Management Planning
Planning is defined as- a long look ahead, broad look around, and a searching look within. Planning is very important in an uncertain environment. These days the word ‘Strategy’ has taken the place of the word ‘Planning’.
Strategy is competitive planning as it takes care of competitors and SWOT model, i.e. Strength – Weakness – Opportunities – and Threats.Advantages of Planning
Planning makes companies competitive. Planning deals with risk factors and eliminates waste. It reduces cost. It helps the company to face future challenges. It smoothes the advancement of controlling. Planning gives direction and helps in formulating specific strategies.

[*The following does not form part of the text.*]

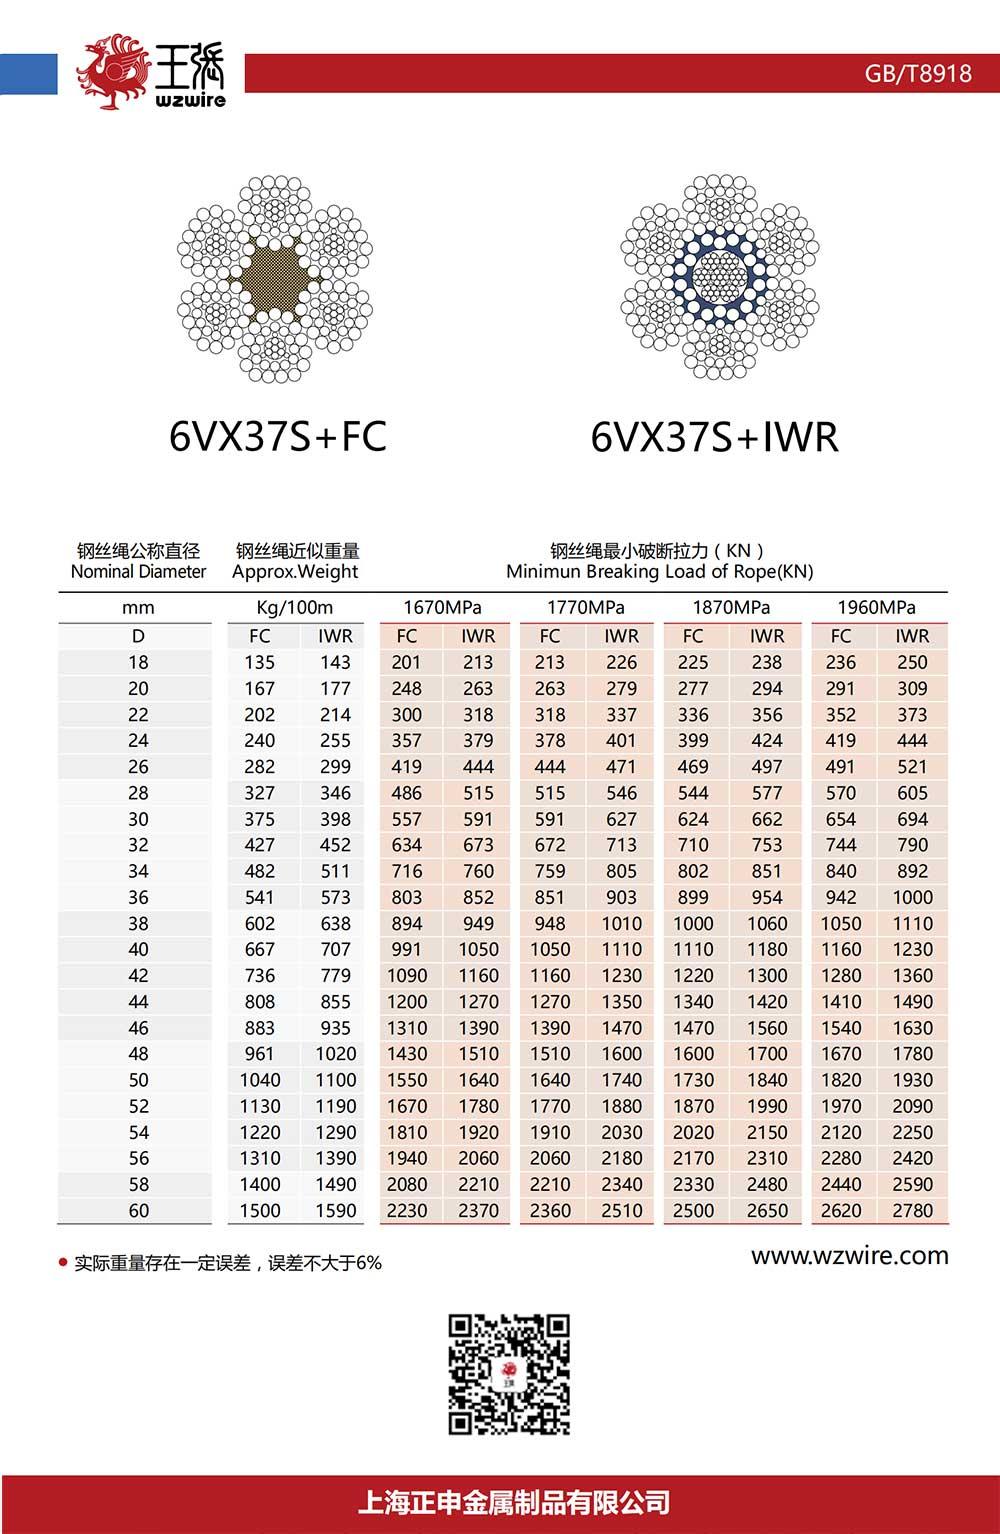 鋼絲繩6VX37S+FC、6VX37S+IWR價格,鋼絲繩6VX37S+FC、6VX37S+IWR批發,鋼絲繩6VX37S+FC、6VX37S+IWR公司

It improves efficiency and introduces various systems in the organization. Planning can warn about deviations and helps in assessing performance.
Limitations of Planning
Planning can minimize the risk, but cannot eliminate the risk. The success of planning depends upon implementation (planning on paper is as good as no planning). It depends on reliability and authenticity of information. It depends on internal and external variables which are beyond the control of the planner. Difficulty of accurate premises (future is not known, may lead to error).internal and external in flexibilities. Planning process is quite costly and time consuming.
Essentials of a good Plan
Planning must be continuous and creative. Planning process must be communicated to the lowest possible level. Planning should be time bound and must exist at all levels in the organization. It must motivate people towards its implementation, so it must have an inbuilt rewards system for effective execution. Planning should not be rigid (it must be flexible to respond to sudden changes in internal and external environment). It must coordinate the efforts of all departments (must respect the process of unification of efforts). Planning must have an inbuilt controlling process. People are the essence of planning (the success of every plan depends upon people, so this factor should be kept in mind while framing plans).
Hierarchy of Plans
Any planning process generally has the following 7 components, though its nature and scope depends upon the type of plan, purpose of the plan and the time factor. These components are: Objectives, Policies, Procedures, Programs, Rules, Budgets, and Strategies.
Some examples of the recent corporate strategies are: Joint Ventures, Alliances, Tie-Ups, Take-Over, Acquisitions, Mergers, Demerger, Core Competence, Diversification, Brand-Building, Employee Stock Option, etc.